Data Science Asked by Brutus35 on February 14, 2021
I am fairly new to ML and I’m working on a problem, but not sure which algorithm to choose. The dataset contains a set of incremental time-series events, in consistent and set intervals, with a list of potential observations.

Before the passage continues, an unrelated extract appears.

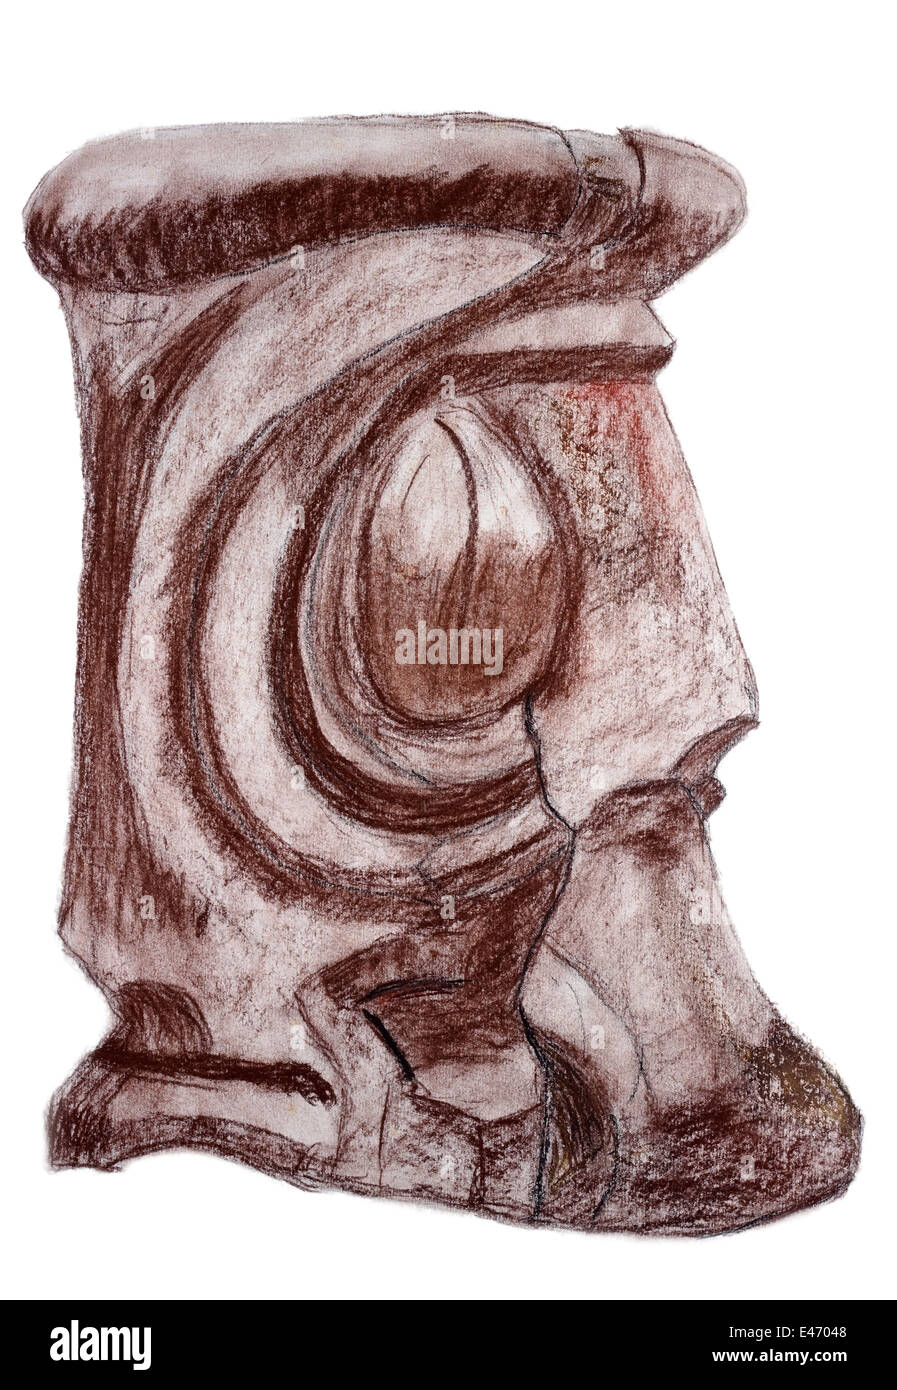 Wooden artifact - brown pastel drawing isolated. Handmade art naive illustration Stock Photo

Something akin to what the output of an audio recognition program might produce where it looks something like:
listener_id | interval_timestamp | candidate_song |
---|---|---|
12345 | 00:00:00 | Hey Jude (The Beatles) |
12345 | 00:00:05 | Hey Jude (The Beatles) |
12345 | 00:00:10 | Hey Jude (The Beatles) |
12345 | 00:00:15 | Hey Jude (The Beatles) |
12345 | 00:00:20 | Hey Jude (The Beatles) |
12345 | 00:00:20 | Yesterday (The Beatles) |
12345 | 00:00:25 | Hey Jude (The Beatles) |
12345 | 00:00:30 | Hey Jude (The Beatles) |
… | ||
12345 | 00:01:30 | Yellow Submarine (The Beatles) |
12345 | 00:01:30 | Hey Jude (The Beatles) |
12345 | 00:01:30 | Circle Sky (The Monkees) |
12345 | 00:01:30 | I’m a Believer (The Monkees) |
… | ||
12345 | 00:03:20 | Hey Jude (The Beatles) |
12345 | 00:03:25 | Imagine (John Lennon) |
12345 | 00:03:30 | Imagine (John Lennon) |
12345 | 00:03:35 | Imagine (John Lennon) |
12345 | 00:03:40 | Imagine (John Lennon) |
I want to be able to have the program pick the best possible option based on previous values, so the output would like something like:
listener_id | interval_timestamp | candidate_song |
---|---|---|
12345 | 00:00:00 | Hey Jude (The Beatles) |
12345 | 00:00:05 | Hey Jude (The Beatles) |
12345 | 00:00:10 | Hey Jude (The Beatles) |
12345 | 00:00:15 | Hey Jude (The Beatles) |
12345 | 00:00:20 | Hey Jude (The Beatles) |
12345 | 00:00:25 | Hey Jude (The Beatles) |
12345 | 00:00:30 | Hey Jude (The Beatles) |
… | ||
12345 | 00:01:30 | Hey Jude (The Beatles) |
… | ||
12345 | 00:03:20 | Hey Jude (The Beatles) |
12345 | 00:03:25 | Imagine (John Lennon) |
12345 | 00:03:30 | Imagine (John Lennon) |
12345 | 00:03:35 | Imagine (John Lennon) |
12345 | 00:03:40 | Imagine (John Lennon) |
1 observation per time interval, with the best guess based on the previous values.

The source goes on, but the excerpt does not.